Greenspan is now the “On Dessert” columnist for The New York Times Magazine. She just published her 13th cookbook, Everyday Dorie. She has won five James Beard Awards and has twice won the Cookbook of the Year Award from the International Association of Culinary Professionals. She has been on the New York Times Bestseller List twice (once for Around My French Table and once for Baking Chez Moi). She spends her time with her husband, Michael, living in three places: New York City, Westbrook, CT and Paris, France.
What I hope I can do in my work is encourage people to get into the kitchen, enjoy being there, and take pleasure in every step of cooking.
But Dorie Greenspan’s dearest hopes sound not like an international jetsetter but instead like a hospitality-minded person who most wants to help families and friends spend quality time together through cooking. “What I hope I can do in my work,” she says, “is encourage people to get into the kitchen, enjoy being there, and take pleasure in every step of cooking.”
Greenspan is looking forward to her visit to the Arkansas Literary Festival, and to getting together with Arkansas-based cousins. “I’ve never been to Arkansas and can’t wait to visit. In addition to coming to the Literary Festival – which has been on my calendar in big red letters ever since I got the invitation – and having the opportunity to hear so many great authors speak and read—my husband, Michael, and I are going to have the chance to spend time with cousins we haven’t seen in a very long time, the Sundell family.” Greenspan says. “Of course, seeing Jack and Corri Sundell means going to The Root Cafe – I’m counting down the days.”
Dorie Greenspan’s friendly, community-building attitude may explain why she has such a huge following on social media. In 2007, the cooking club “Tuesdays With Dorie” was founded by ordinary women to help amateur cooks bond over their baking efforts. The group became so big and popular that it was featured on the Oprah show, and is still going 12 years later. Greenspan currently has over 484,000 Twitter followers and 61,000 followers on Facebook. People like Dorie! And it’s not hard to see why.

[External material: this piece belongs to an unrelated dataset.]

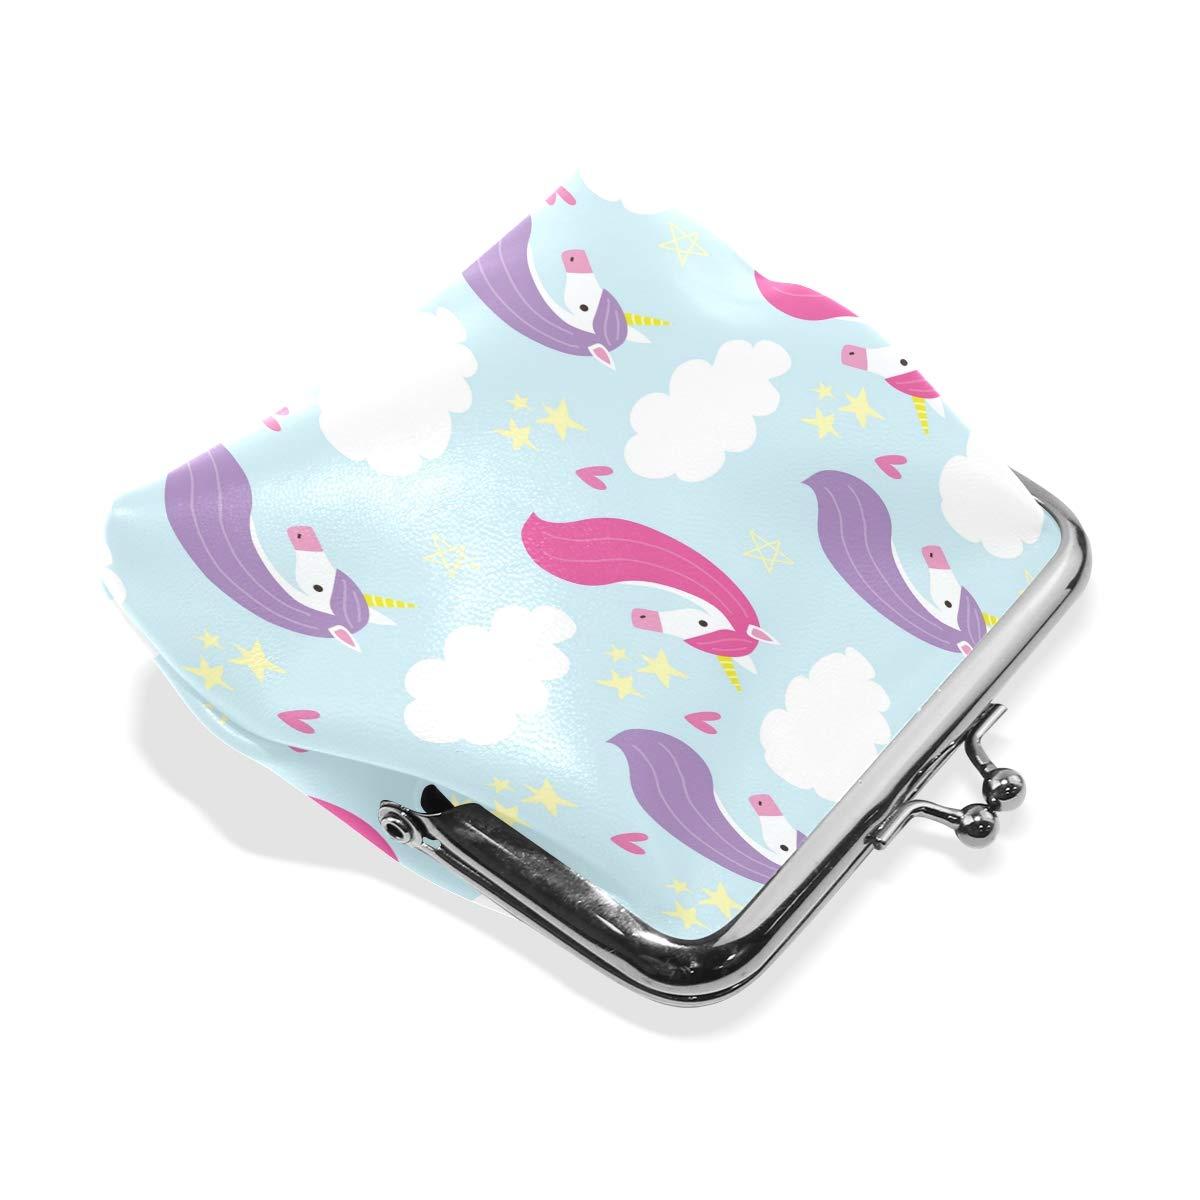 LALATOP Unicorn Pattern Womens Coin Pouch Purse wallet Card Holder Clutch Handbag

Greenspan’s newest cookbook, Everyday Dorie, has been scooping up awards left and right since its release in October 2018. In this new work, the author reveals the secrets of some of her favorite simple recipes drawn from across culinary traditions. It’s a perfect time for Arkansas cooks to get the benefit of her expertise.
Catch Dorie Greenspan at the Arkansas Literary Festival, where she will talk about what she learned from Julia Child about food, writing, and the power of place!
Dorie Greenspan is the author of 13 cookbooks. She has twice won the IACP Cookbook of the Year award and has also earned five James Beard Awards for her work. Her latest book is Everyday Dorie: The Way I Cook (Rux Martin/Houghton Mifflin Harcourt, 2018). She is the “On Dessert” columnist for The New York Times Magazine and lives in New York City, Westbrook, CT, and Paris.